CGI process technology developer SinterCast AB reported mixed results in its first-quarter 2016 statement, with mostly stable activity but reduced production levels for some of the casting programs it supplies, resulting in lower quarterly revenues. It listed revenues of SEK16.1 million (est. $1.97 million) for the quarter, down nearly 17% from Q1 2015 (SEK 18.8 million, or est. $2.3 million.)
While most of the group’s licensees continued to produce stable or increased volumes of compacted graphite iron (CG) during the January-March 2016 period, SinterCast stated that some reported reductions that have resulted in an increase of just 5% in year-on-year series production.
It did not identify the foundries that reduced their CGI output.
Stockholm-based SinterCast is the world’s largest supplier of the control technology used by foundries to produce CGI — a lightweight alternative to gray iron and aluminum used mainly for automotive diesel engines and cylinder blocks, though some gasoline engine designs have been introduced in recent model years.
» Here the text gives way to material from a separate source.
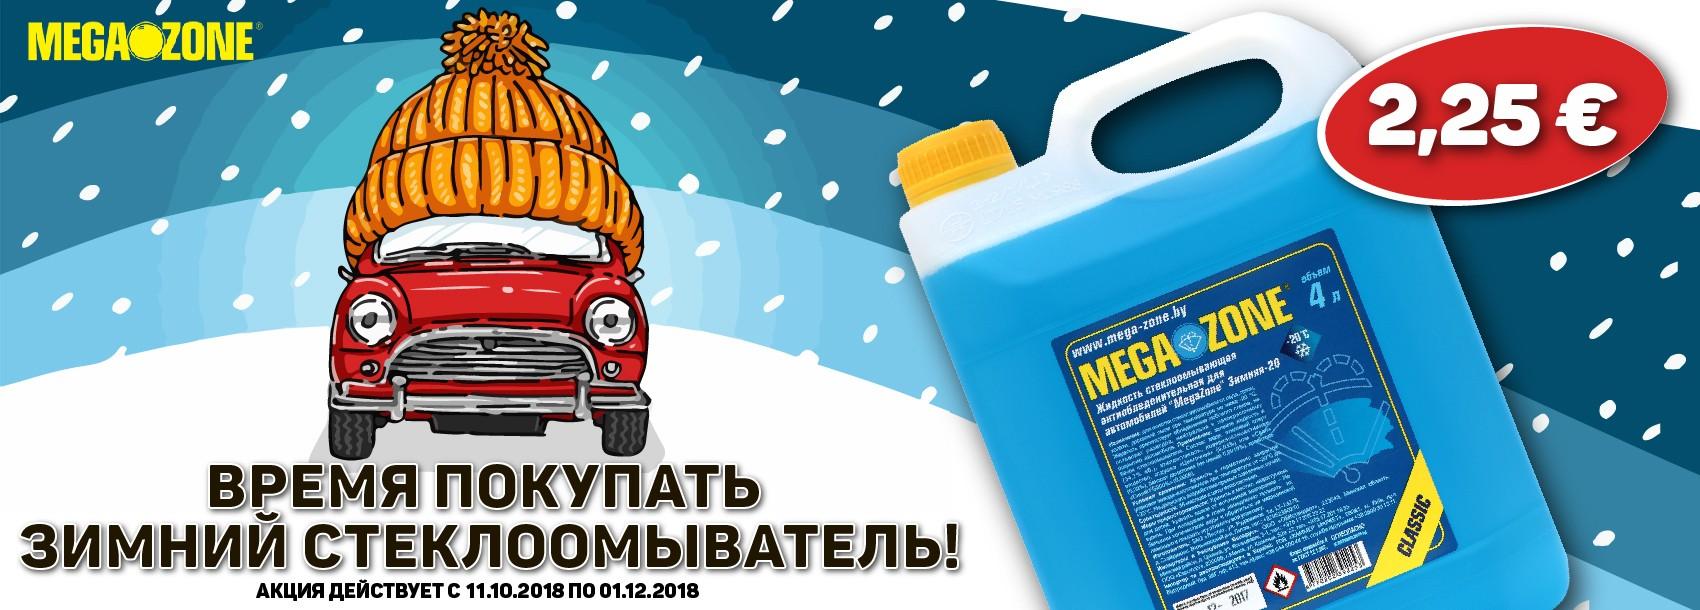 Специальная цена на зимний стеклоомыватель MegaZone Classic!

Other applications include industrial power engines parts, ranging from 2 kg to 9 metric tons.
The SinterCast process is under license to 44 foundries and product development centers in 13 countries.
“The main growth contributions were derived from the Ford petrol engine, which was still in the initial production ramp during the first quarter of 2015, and the Nissan 5.0 liter diesel engine, following the recent start of pick-up sales in North America,” according to the Q1 2016 statement.
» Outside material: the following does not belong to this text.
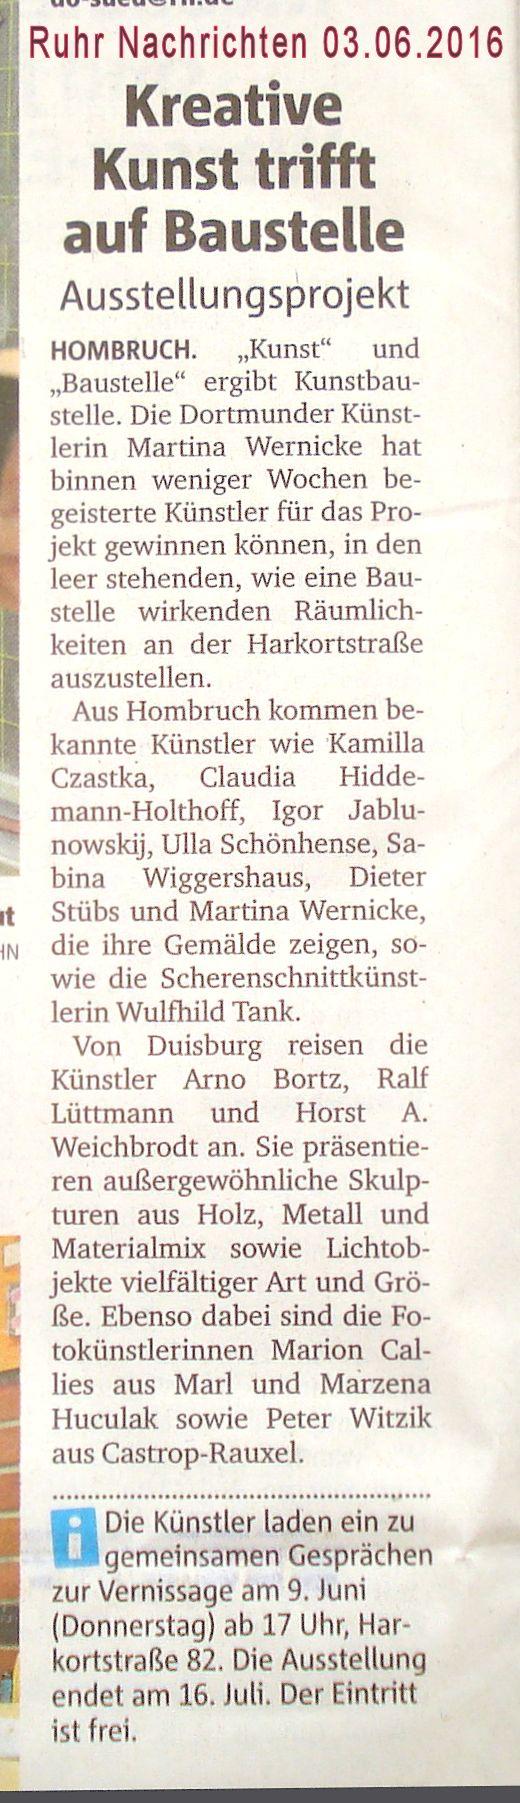 kunstbaustelle-hombruch-presse1

SinterCast licensees supplying CGI castings for commercial vehicle programs also contributed to the quarterly income, though it said reduced demand in the global industrial power sector resulted in a decrease in year-on-year production for such parts during the quarter.
Revenues from the supply of the specialized sampling cup used in the SinterCast process also decreased during Q1 2016, but the developer advised, “quarter-to-quarter variations in sampling cup shipments are normal and this is regarded solely as an order timing effect.” It forecast continued increases in sampling cup shipments.
The timing of new orders also influences the group’s revenue: as Q1 2015 included several new SinterCast placements (three commitments, two installations), and Q1 2016 recorded no new installations, the year-on-year comparison is unfavorable.
“The current outlook for new installations and installation revenue remains positive, with several ongoing discussions for new installations and production capacity upgrades at existing installations,” according to the earnings summary. Shipment is pending for a SinterCast System 3000 Plus system ordered by the Teksid foundry in Brazil during Q4 2015.